You can voluntarily appoint a data protection officer even if you don't meet this criteria. Doing so may make it easier to comply with the other measures of the GDPR.

What Must the Data Protection Officer Do?

Your data protection officer must have expert knowledge of data protection rules and have the ability to carry out their designated tasks. The GDPR says these tasks must include the following, at Article 39:

  • Inform and advise your organization and employees about their responsibilities to comply with the GDPR
  • Monitor compliance with the GDPR
  • Train staff on data processing rules and assign relevant responsibilities
  • Cooperate with the supervisory authority (a national body in the relevant country that enforces the GDPR)
  • Act as a contact point for the supervisory authority
  • Carry out a data protection audit when your organization is planning data processing that creates a high risk to people's data rights

The GDPR also says you must designate a method of contact for people to make data access requests or to ask that their personal data be corrected or deleted. Although the GDPR doesn't make it mandatory to have the data protection officer be this contact, it normally makes sense to do so.

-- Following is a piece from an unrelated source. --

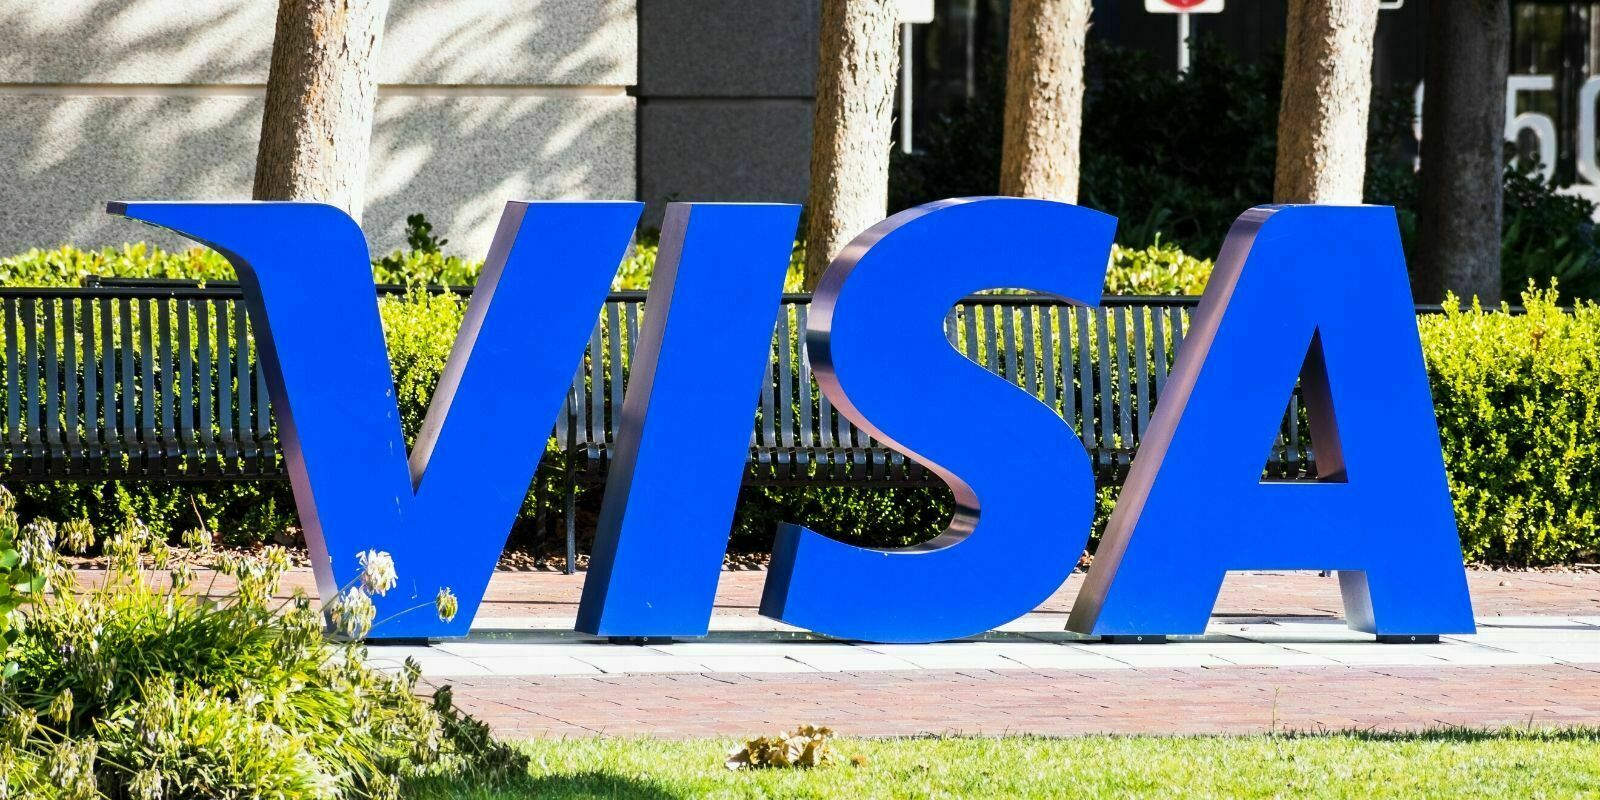 Visa dépose un brevet pour une « monnaie fiat numérique » utilisant la blockchain

Civica gives a direct contact for its Data Protection Officer:

Civica Privacy Notice: Our Contact Details clause - DPO section highlighted

Now let's take a look at some other laws that require similar roles in certain circumstances.

PIPEDA: Does it Affect Me?

PIPEDA: Does it Affect Me?

Personal Information Protection and Electronic Documents Act {PIPEDA} is a Canadian federal law. As a general principle it applies if you are a private sector (for profit) organization and you handle personal information as part of your business.

The main exceptions are cases where your organization is already covered by local laws that have similar measures to PIPEDA. These include organizations that operate entirely in Alberta, British Columbia or Quebec. Some health information is covered by local laws in other provinces, meaning the processing doesn't come under PIPEDA.

You are always covered by PIPEDA if you are a federally regulated business in Canada.

Does PIPEDA Require a Data Protection Officer?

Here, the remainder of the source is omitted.